__What needs to be done__:
The listing that follows must be retyped exactly, without its pictures.

__Information supplied__:
====

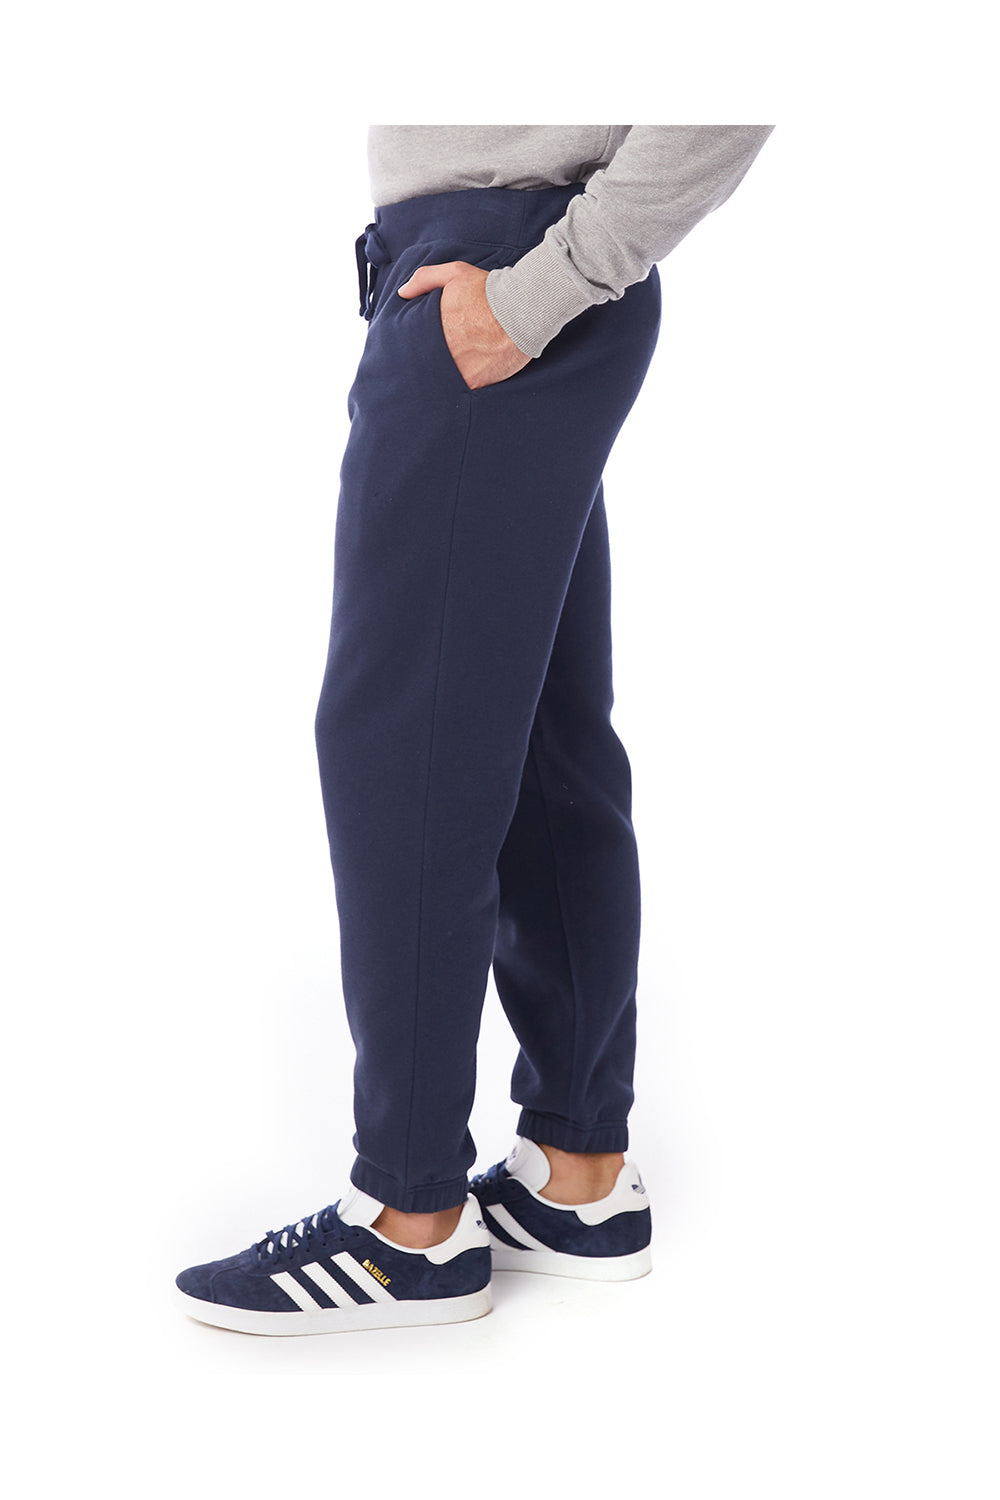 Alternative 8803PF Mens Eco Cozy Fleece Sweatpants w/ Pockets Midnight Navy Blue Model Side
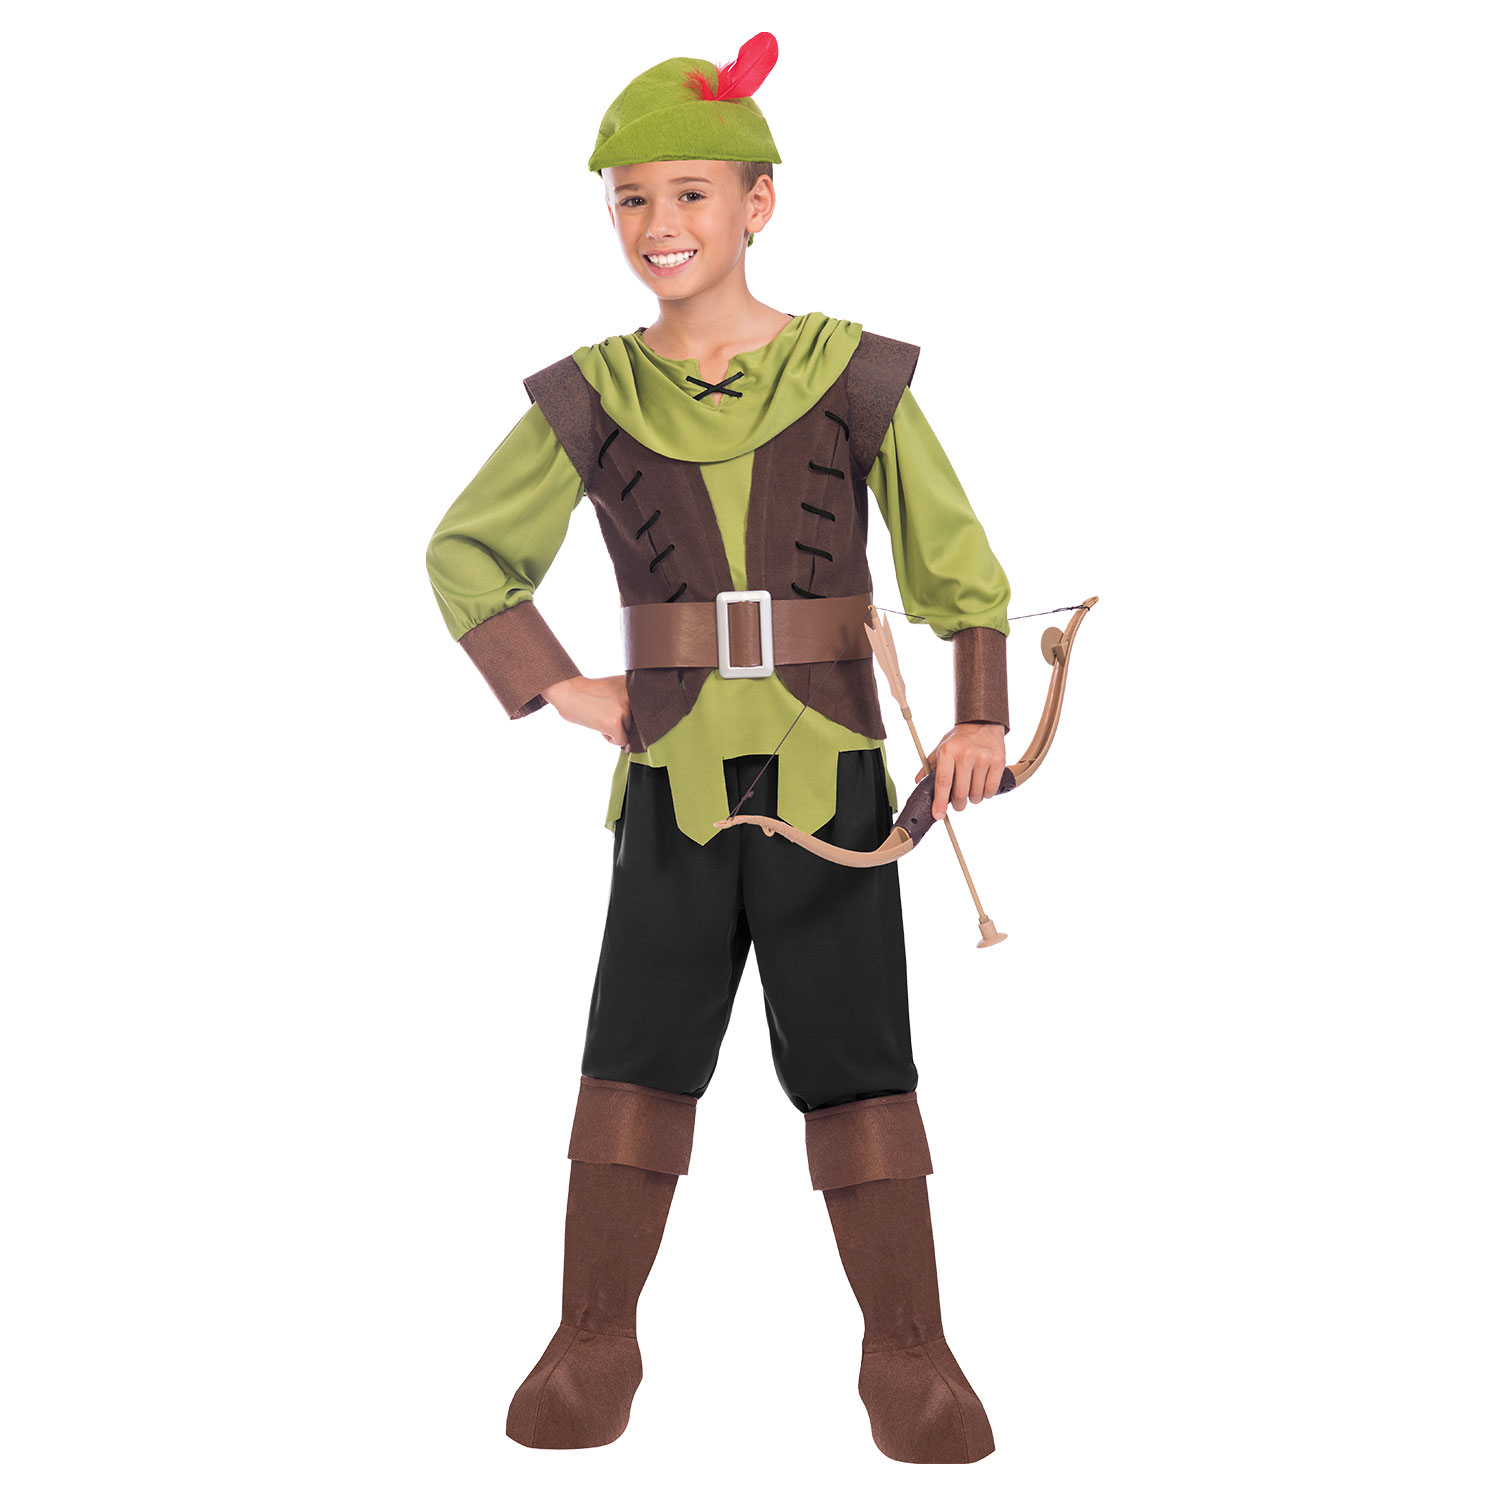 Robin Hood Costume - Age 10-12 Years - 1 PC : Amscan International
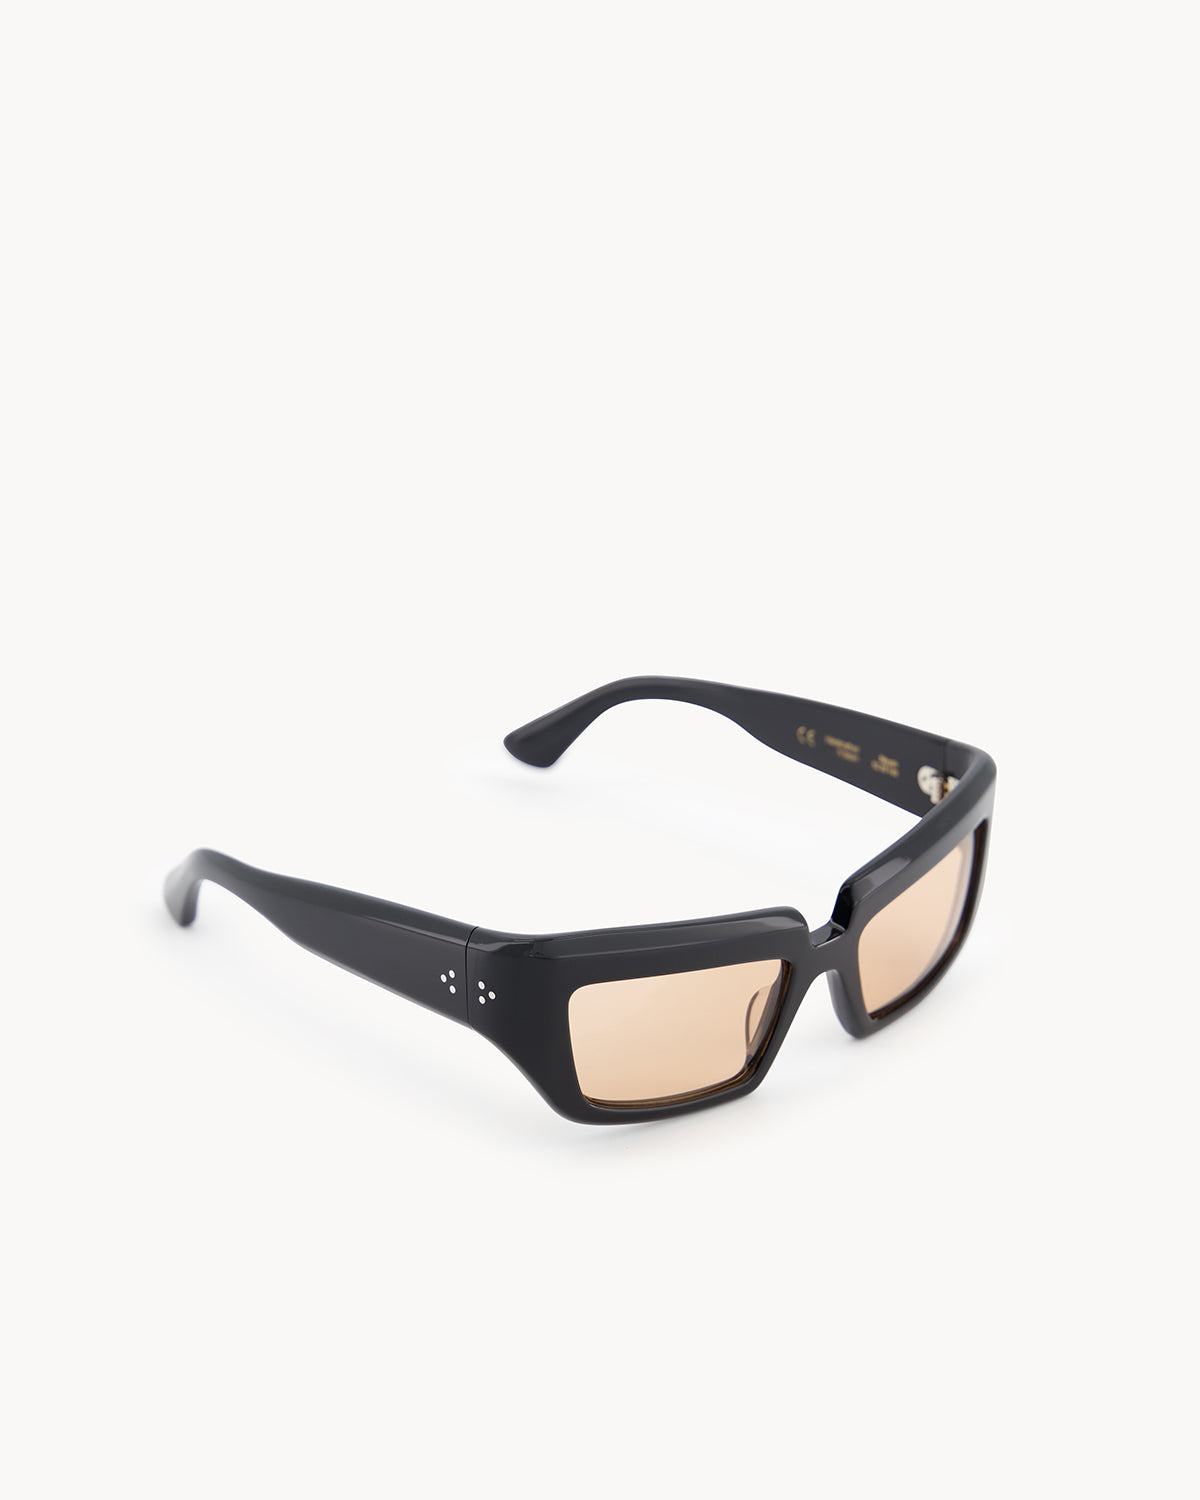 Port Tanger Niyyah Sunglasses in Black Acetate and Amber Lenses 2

====

__Output__:
 Alternative 8803PF Mens Eco Cozy Fleece Sweatpants w/ Pockets Midnight Navy Blue Model Side
 Robin Hood Costume - Age 10-12 Years - 1 PC : Amscan International
 Port Tanger Niyyah Sunglasses in Black Acetate and Amber Lenses 2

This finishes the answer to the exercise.